4. EMPIRICAL EVALUATION

We empirically evaluate how both the Private and Non-Private PGB methods affect the utility of the generated synthetic data from GANs. We show two appealing advantages of our approach: 1) non-private PGB outperforms the last Generator of GANs, and 2) our approach can significantly improve the synthetic examples generated by a GAN under differential privacy. Datasets. We assess our method with a toy dataset drawn from a mixture of 25 Gaussians, which is commonly used to evaluate the quality of GAN (Srivastava et al., 2017; Azadi et al., 2019; Turner et al., 2019) and synthesize MNIST images. We then turn to real datasets from the American Census, and a standard machine learning dataset (Titanic). Privacy budget. For the tasks with privacy, we set the privacy budget to be the same across all algorithms. Since Private PGB requires additional privacy budget this means that the differentially private GAN training has to be stopped earlier as compared to running only a GAN to achieve the same privacy guarantee. Our principle is to allocate the majority of the privacy budget to the GAN training, and a much smaller budget for our Private PGB method. Throughout we used 80% to 90% of the final privacy budget on DP GAN training. 2 Utility measures. Utility of synthetic data can be assessed along two dimensions; general utility and specific utility (Snoke et al., 2018; Arnold & Neunhoeffer, 2020) . General utility describes the overall distributional similarity between the real data and synthetic datasets, but does not capture specific use cases of synthetic data. To assess general utility, we use the propensity score mean squared error (pMSE) measure (Snoke et al., 2018) (detailed in the Appendix). Specific utility of a synthetic dataset depends on the specific use an analyst has in mind. In general, specific utility can be defined as the similarity of results for analyses using synthetic data instead of real data. For each of the experiments we define specific utility measures that are sensible for the respective example. For the toy dataset of 25 gaussians we look at the number of high quality samples. For the American Census data we compare marginal distributions of the synthetic data to marginal distributions of the true data and look at the similarity of regression results.

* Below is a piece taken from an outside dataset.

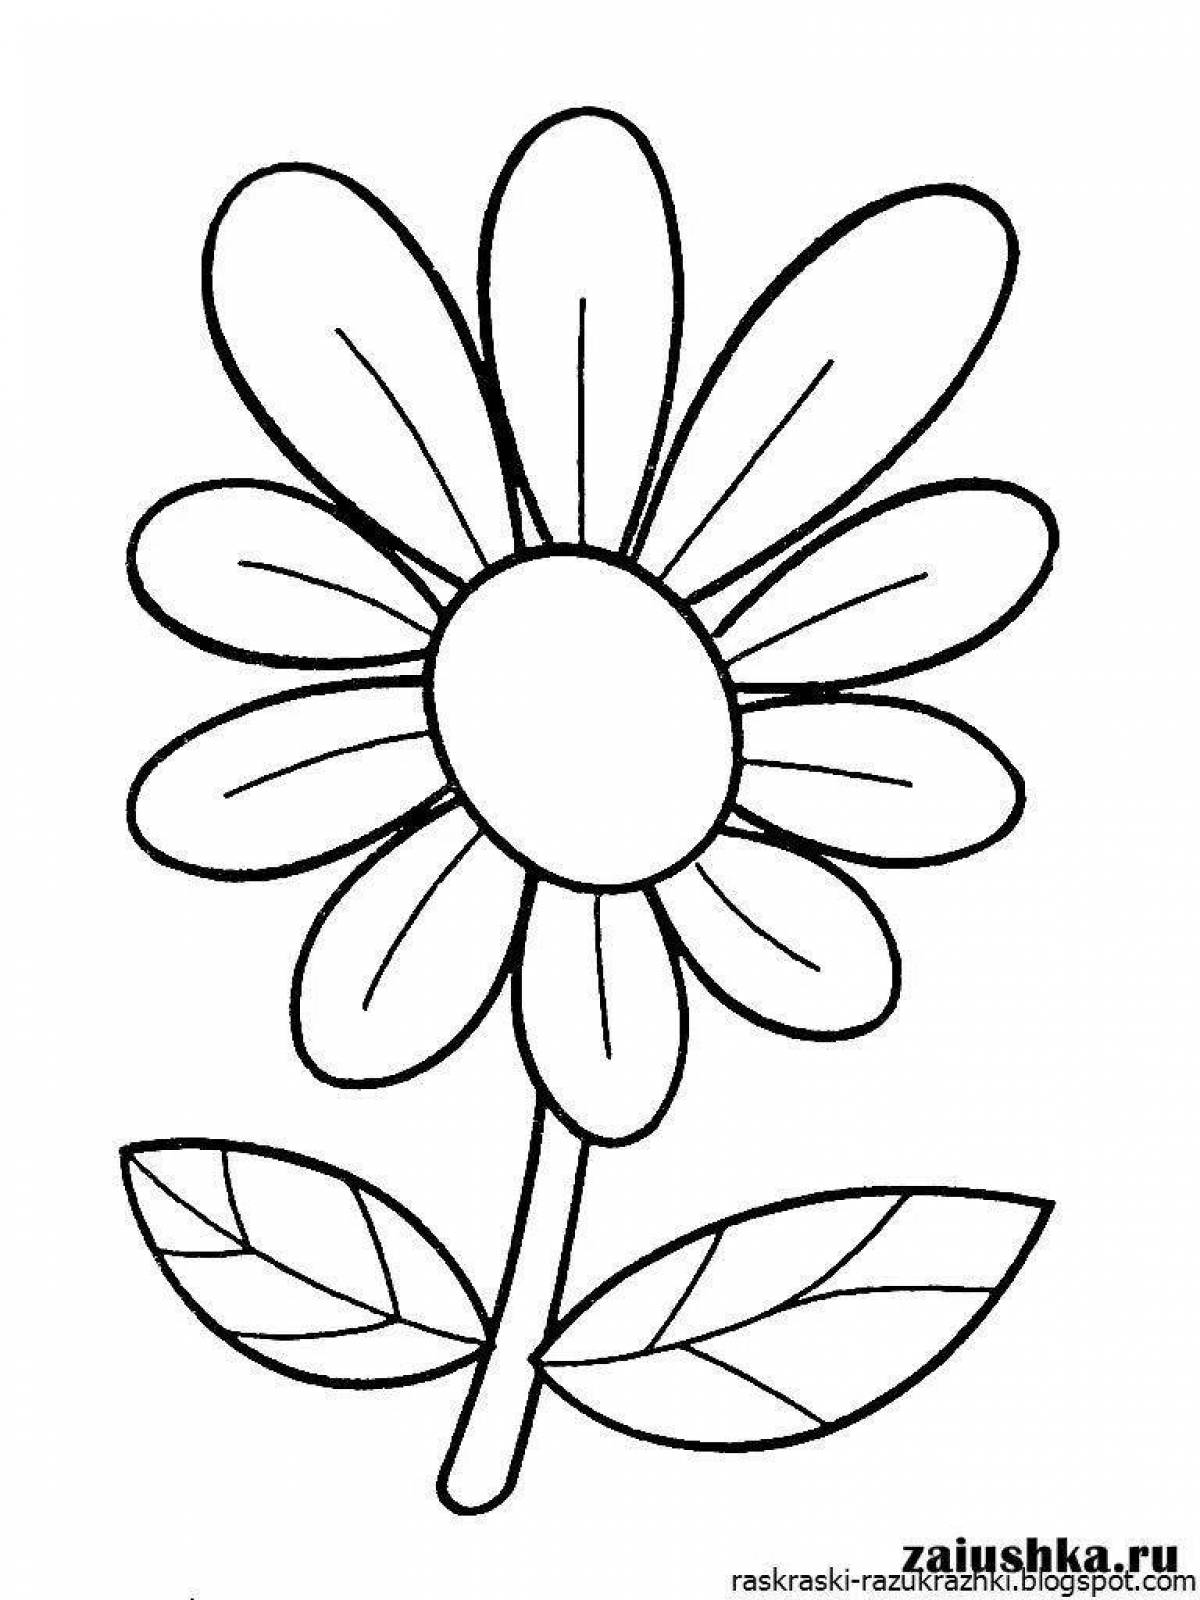 Coloring book exquisite chamomile pattern

4.1. EVALUATION OF NON-PRIVATE PGB

Mixture of 25 Gaussians. We first examine the performance of our approach on a two dimensional dataset with a mixture of 25 multivariate Gaussian distributions, each with a covariance matrix of 0.0025I. The left column in Figure 1 displays the training data. Each of the 25 clusters consists of 1, 000 observations. The architecture of the GAN is the same across all results. 3 To compare the utility of the synthetic datasets with the real data, we inspect the visual quality of the resultsand calculate the proportion of high quality synthetic examples similar to Azadi et al. (2019 ),Turner et al. (2019) and Srivastava et al. (2017). 4 Visual inspection of the results without privacy (in the top row of Figure 1 ) shows that our proposed method outperforms the synthetic examples generated by the last Generator of the GAN, as well as the last Generator enhanced with DRS. PGB over the last 100 stored Generators and Discriminators trained for T = 1, 000 update steps, and the combination of PGB and DRS, visibly improves the results. The visual impression is confirmed by the proportion of high quality samples. The data from the last GAN generator have a proportion of 0.904 high quality samples. The synthetic data after PGB achieves a higher score of 0.918. The DRS samples have a proportion of 0.826 high quality samples, and the combination of PGB and DRS a higher proportion of 0.874 high quality samples. 5MNIST Data. We further evaluate the performance of our method on an image generation task with the MNIST dataset. Our results are based on the DCGAN GAN architecture (Radford et al., 2015) with the KL-WGAN loss (Song & Ermon, 2020) . To evaluate the quality of the generated images we use a metric that is based on the Inception score (IS) (Salimans et al., 2016) , where instead of the Inception Net we use a MNIST Classifier that achieves 99.65% test accuracy. The theoretical best score of the MNIST IS is 10, and the real test images achieve a score of 9.93. Without privacy the last GAN Generator achieves a score of 8.41, using DRS on the last Generator slightly decreases the score to 8.21, samples with PGB achieve a score of 8.76, samples with the combination of PGB and DRS achieve a similar score of 8.77 (all inception scores are calculated on 5,000 samples). Uncurated samples for all methods are included in the Appendix.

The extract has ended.